Лаврентий Палыч. Эй, на минуточку! Да, на минуточку! Да ты в курсе, кто еще среди моих друзей-приятелей? Да там… этот… (Переводя тему. Лехе.) Леха, так ты продолжай! Поподробнее…

Леха. Ну вот здрасте. То с мата на перемат, то «Леха, расскажи» да «Леха, покажи». (Дико смеется.) Вы вот лучше за дочурой-то глаз усильте. А то все за мной да за мной каждый шаг обсуждаете. Следите, следите внимательнее – все ли у нее в порядке, не то тазом гремучим накроются все ваши планы!

Сан-Василич. Где ты только всей этой дури набираешься?

Леха. Где и весь городишко! На Рыночной площади ушки грею! Да вообще – любая кошка все про всех расскажет! (Замечает Мурку, которая все это время крутится неподалеку.) Опять проклятая! Ну-ка кыш! (Машет на кулаком и притопывает. Кошка поворачивается и с любопытством смотрит на Леху.) Тварь такая!

Свет гаснет. Софиты выхватывают Сороку и Кошку.

Сорока. Кца! кца! кца! Птирадаки посмивли! Птирадаки посмивли! Птирадаки посмивли!

Свет ненадолго восстанавливается. Тема Лаврентия Палыча. Затемнение, в котором исчезают Леха и Сан-Василич.

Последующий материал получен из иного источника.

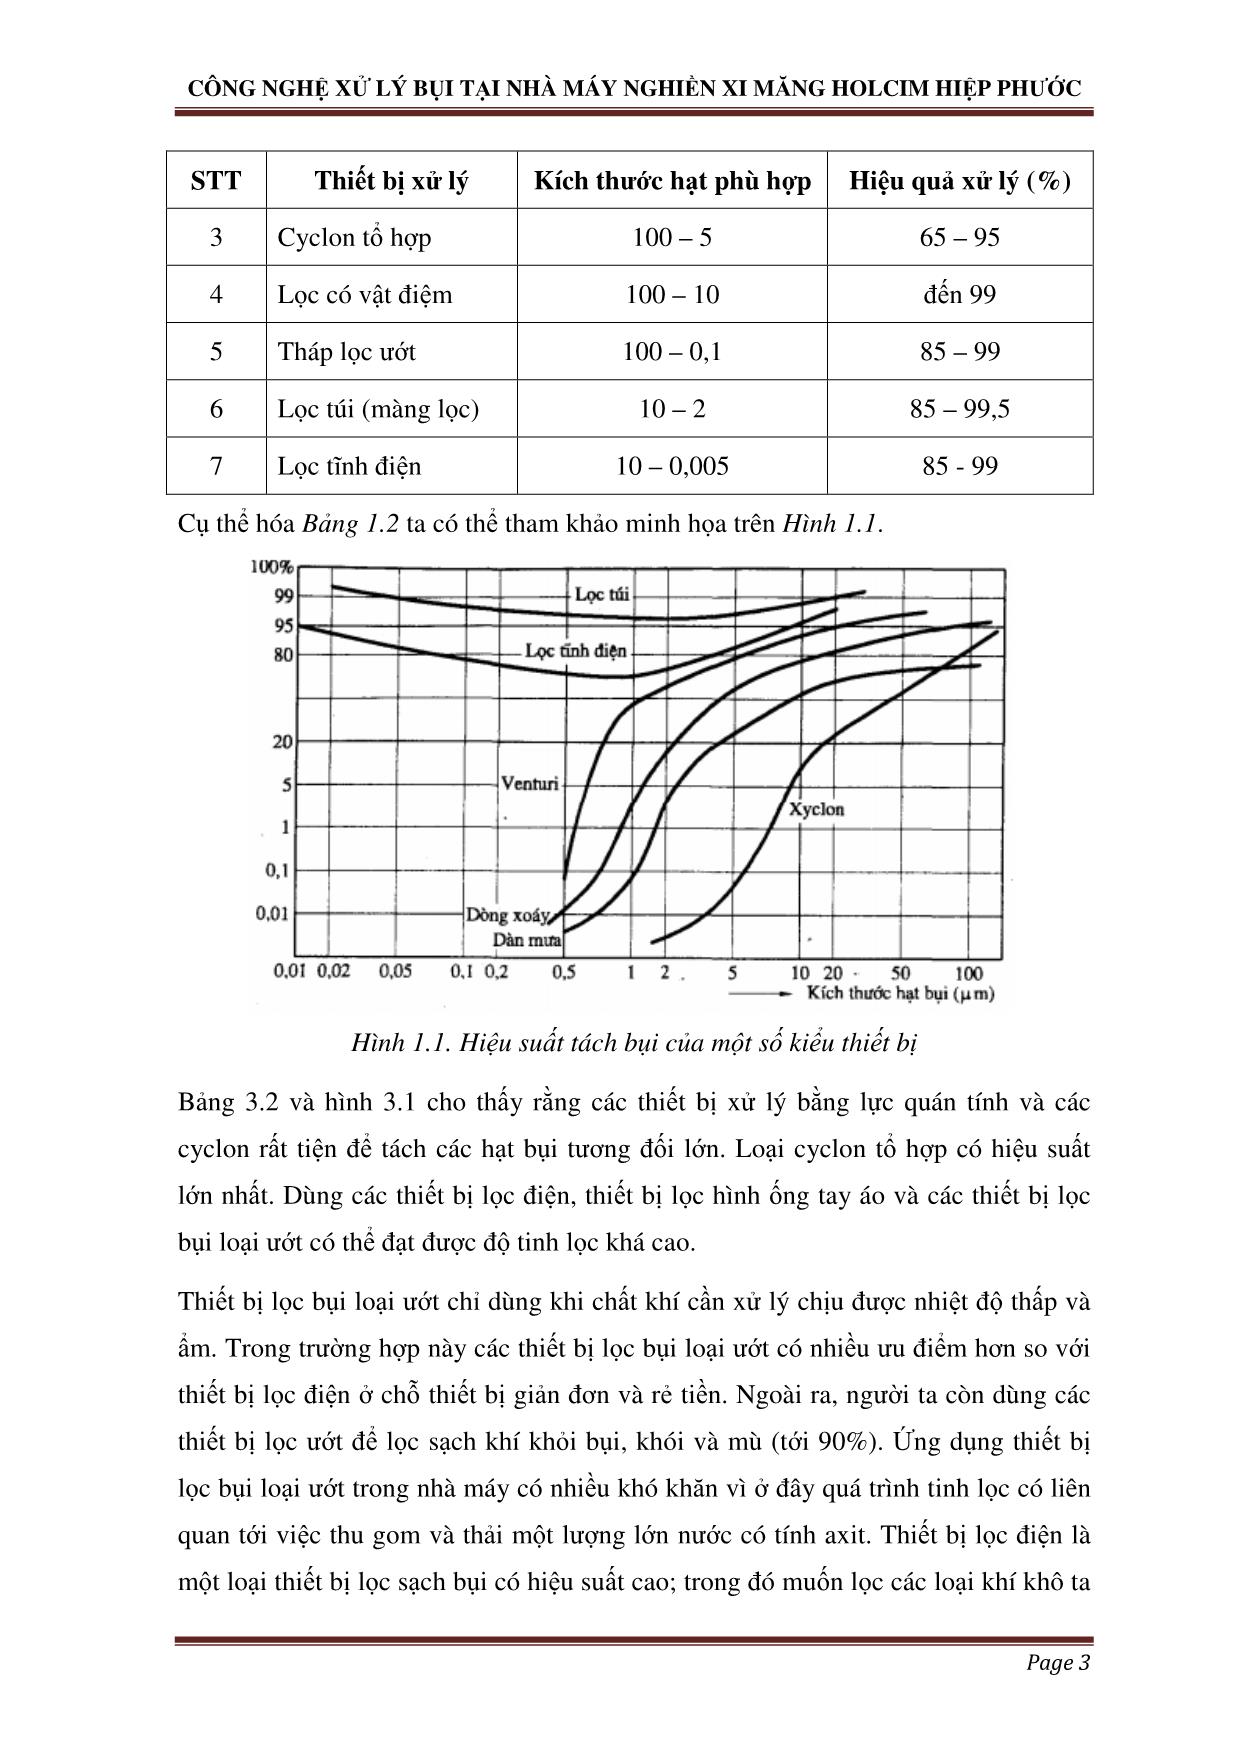 Chuyên đề Công nghệ xử lý bụi - Case study: công nghệ xử lý bụi tại nhà máy nghiền xi măng holcim Hiệp Phước trang 4

Лаврентий Палыч (в сторону). Хм… А ведь и правда… дочка-то у меня последнее время… какая-то сама не своя… Только бы не учудила чего – иначе и впрямь все наши с Василичем проекты… (Спускается в зал. Затемнение на сцене – все, кроме Лаврентия Палыча, исчезают со сцены. Кошка спускается за ним и в течение всего монолога крутится у его ног.) Я и сам не прочь ее спихнуть господам Снегоуборочкиным. Пусть развлекаются. Ну вот сами посудите. Избрали меня мэром – а что такое мэр? Как выдвинули – так завтра и задвинут. Так еще и срок чего доброго навесят. (Ускоряет речь. Пародирует северный акцент: растягивает последние гласные и окает.) А у нас-то-о-о-о… кроме как на лесоповале-е-е-е-е… тес таска-а-а-а-ать… работать-то негде-е-е-е-е… Ну вот это еще-о-о-о-о-о… Можно асфальтоукладчико-о-о-о-ом! (Возвращается к обычной речи.) А вот не хочется. Не хочется – и что тут поделаешь! (К зрителю.) Вот у вас, мил-человек, есть дочурка? Нет? А у вас? А какая она? Милая? (Вскакивает, бежит к дому Валокординовой, где его уже поджидают Две Валькирии, которые вручают стаканы и пузырь. Лаврентий Палыч суматошно расплачивается и снова бежит к зрителю.) А вы бы хотели, чтобы она поскорее замуж – с глаз долой? То есть как – нет? Вы что, хотите сказать, вы ее еще и любите? Не-е-е-е… Ну это несерьезно. Наверное, у вас она и в самом деле ничего. (Подает один стакан зрителю.) Держи, говорю, по душам почирикаем. (Разливает.) У меня вот – экземплярчик тот еще. Пока на выданье – милейший ребенок. Потом покажет, где у раков под полом картошка зимует. (Задумывается.) А мэрство у нас, слышь, как начинается – так чаще всего и заканчивается. А дочку спихнешь Снегоуборочкиным – глядишь, и потом у кормушки бочком приоботрусь… Вот знаешь, друг… Вот мэром – это не дай тебе Бог. Знаешь, какая это ответственная работа? Знаешь? Нет… На минуточку, ты погоди. Ты знаешь, что входит в круг моих обязанностев? Вот. Не знаешь. А смотри. Приходит из областного центра распоряжение о строительстве дорог. Денежка даже выделяется. Как ты думаешь, что я должен сделать? Дороги построить? Ха, наивный ты человек. Как бы не так! Освоить деньги надо! Иначе потом другие мэры засмеют… А то и каждая кошка в подворотне урчать будет «Мэээррр… мэээррр»…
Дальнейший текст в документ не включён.